Numan
Numan clinical notes
Saving over £400K of operational costs a year.
About
The Clinical Notes project was the first initiative I led after joining Numan. The goal was to replace a manual, risk-prone way of capturing clinical notes with a structured, reliable system - the first building block of a broader Electronic Health Record (EHR) we wanted to build. The project started with the obesity screening note and expanded to cover the full suite of notes clinicians need after each patient interaction.
Key Decisions
As a sole designer, designing an entire new EHR from scratch, I needed to make the right decision fast.
Initiating a technical discussions with the engineers and aligning the interface language with the data model from the start.
Making the notes lean by default, with room for clinicians to add detail when they need it.
Process
Hitting the ground running
The obesity screening note had a hard deadline driven by regulatory requirements, which meant I had very little time to build context before starting to design.
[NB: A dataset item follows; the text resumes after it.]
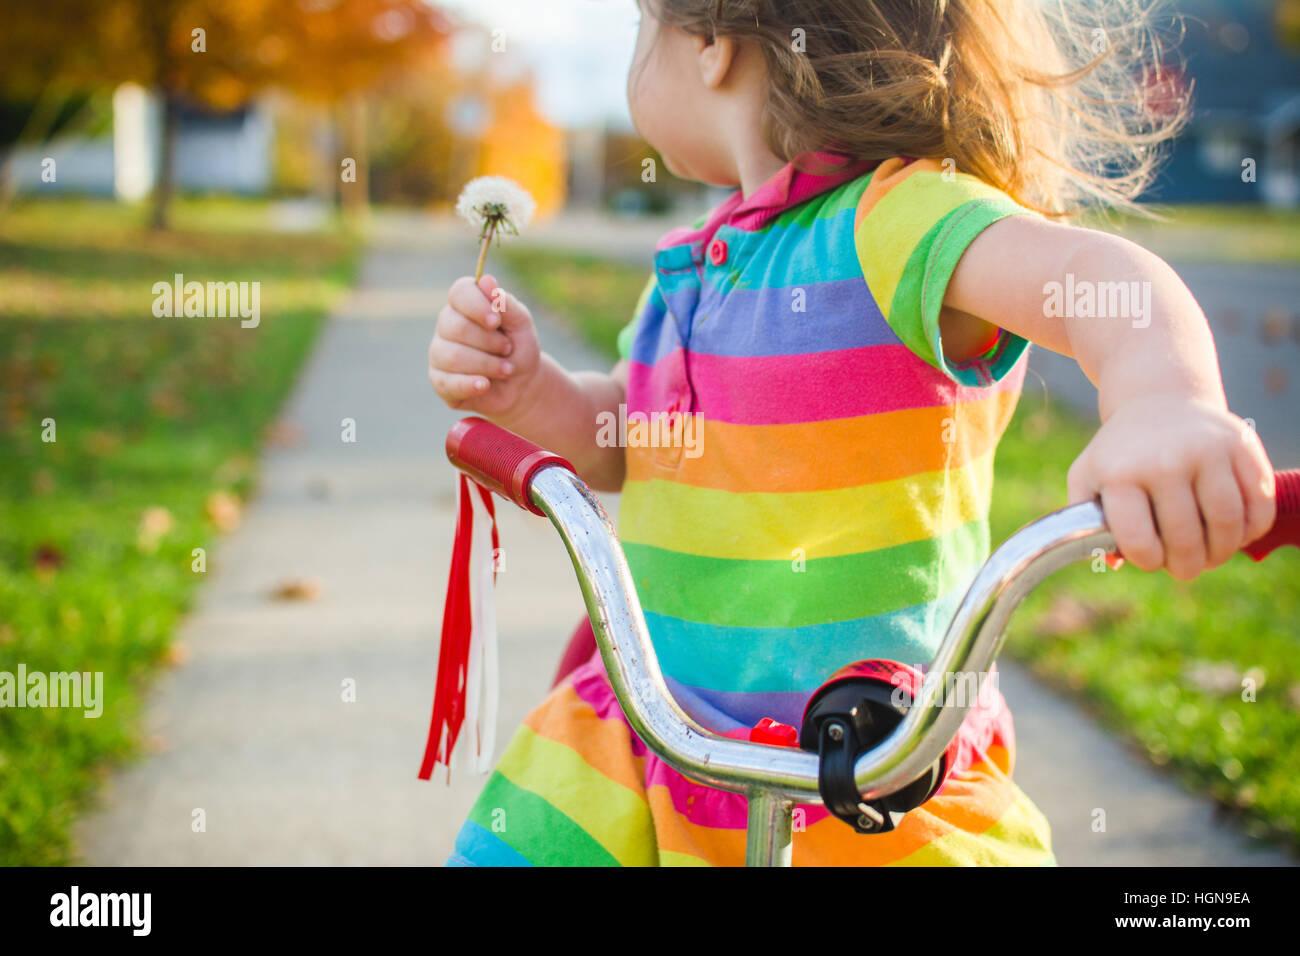 Una giovane ragazza tiene un dente di leone seduto su un triciclo. Immagini Stock

In that first week I also had to make a foundational decision about which design system to use - not just for this note, but for the entire EHR we were planning to build. Rather than defaulting to the obvious choice under time pressure, I took the time to research the right library for the long term and presented my recommendation to the team. I was confident in that decision, and it held.
To get up to speed quickly on the clinical side, I shadowed weight loss and men's health clinicians to understand their workflows and validate what information they needed to capture after each patient interaction. Working closely with the Clinical Product Lead, I mapped their needs against her initial requirements and used that as the basis for the first designs.
Designing for healthcare constraints
One of the most important things I did on this project was initiate a series of technical discussions that went beyond typical design handoff. I ran event storming sessions with the team to map out exactly what happens to a clinical note from the moment it's first captured - through preliminary and validated states - to what happens when it's edited or deleted. This wasn't my area of expertise, but I knew that without a shared understanding of how the data travels, we risked designing something that wouldn't hold up technically or clinically.
A key constraint that shaped the design was that in healthcare, data is never deleted - it's superseded. A new entry replaces an old one, but the audit trail is always preserved. Designing for that, and making sure the language in the interface matched the underlying data model, became one of the defining challenges of the project.
The design itself
I explored several interaction approaches for how notes would appear within the existing platform, playing back options to the team and pressure-testing them against technical feasibility and product constraints. User testing with five clinicians surfaced an important tension: some wanted to add more detail than the mandatory fields allowed, but we didn't want notes to become long or noisy. The solution was to keep the mandatory fields lean by default, with an option for clinicians to add their own elements when needed. With those refinements in place, the final designs were completed and adopted immediately at launch.